I was sworn to never write about the pandemic again. My posts were so maudlin that friends wondered if I was okay. So…I gave it a rest. But I’m back for today for a more light-hearted look at what it is I think I’m missing. I don’t make light of those who have to work in unsafe conditions, have lost incomes, or most dreaded, lost loved ones. Recovering from COVID isn’t always a romp on the beach.

But- the light side. Alberta is headed back to phase one restrictions. I have until Friday to “dine in” with members of my household. O, so I could risk getting the virus for the chance to glare at my husband across the restaurant table rather than ours in the kitchen. Take out, it is.

Enjoy coffee at home.

I can go to a store and buy more stuff I don’t really need. Suppose I find the perfect outfit for a woman of a certain age? I can wear it to parade through the front room. With no others to admire it, or feel jealous that I look so good, it’s wasted money.

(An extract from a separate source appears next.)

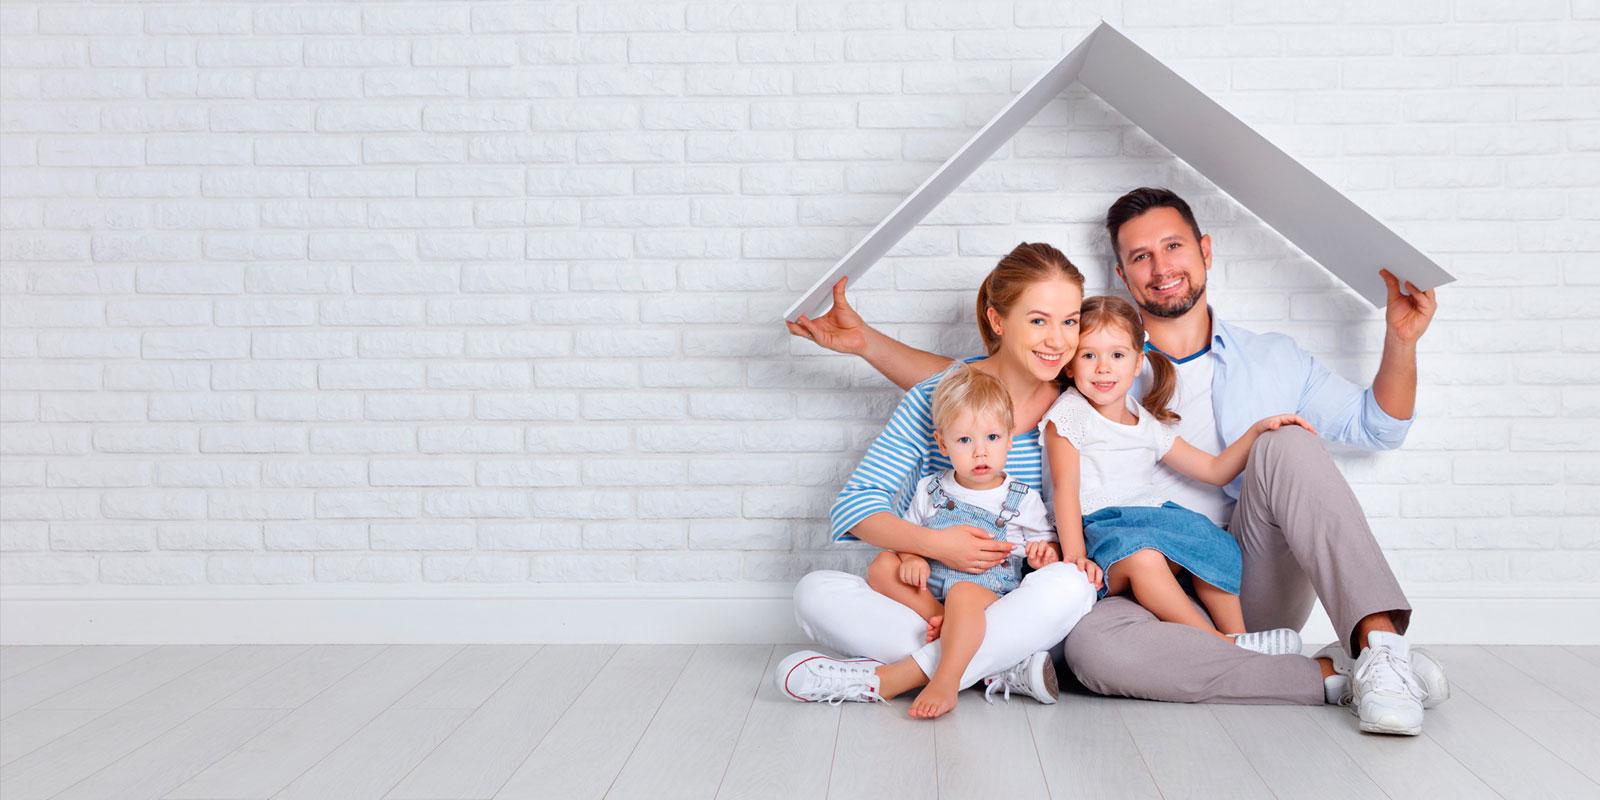 Gestión hipotecaria - Brokers hipotecarios - Global Finance

Coffee with friends is out. No sitting around in the local old lady meeting place and looking to see who else is there. No more gossip. We can meet outside, we can gossip via devices. Old-fashioned phone visits. Almost the same and I can appear in pjs, ugly sweats, or god forbid, nude.

A year ago, a friend confessed to me that, “I don’t do much anyway but now someone tells me I can’t go out, I want to.” Pretty much how the pandemic hits us to different degrees. The number of “freedom-loving” activists who don’t mask up, don’t social distance, don’t like their rights infringed on is gob-smacking. They don’t even know what the Charter of Rights and Freedoms is about.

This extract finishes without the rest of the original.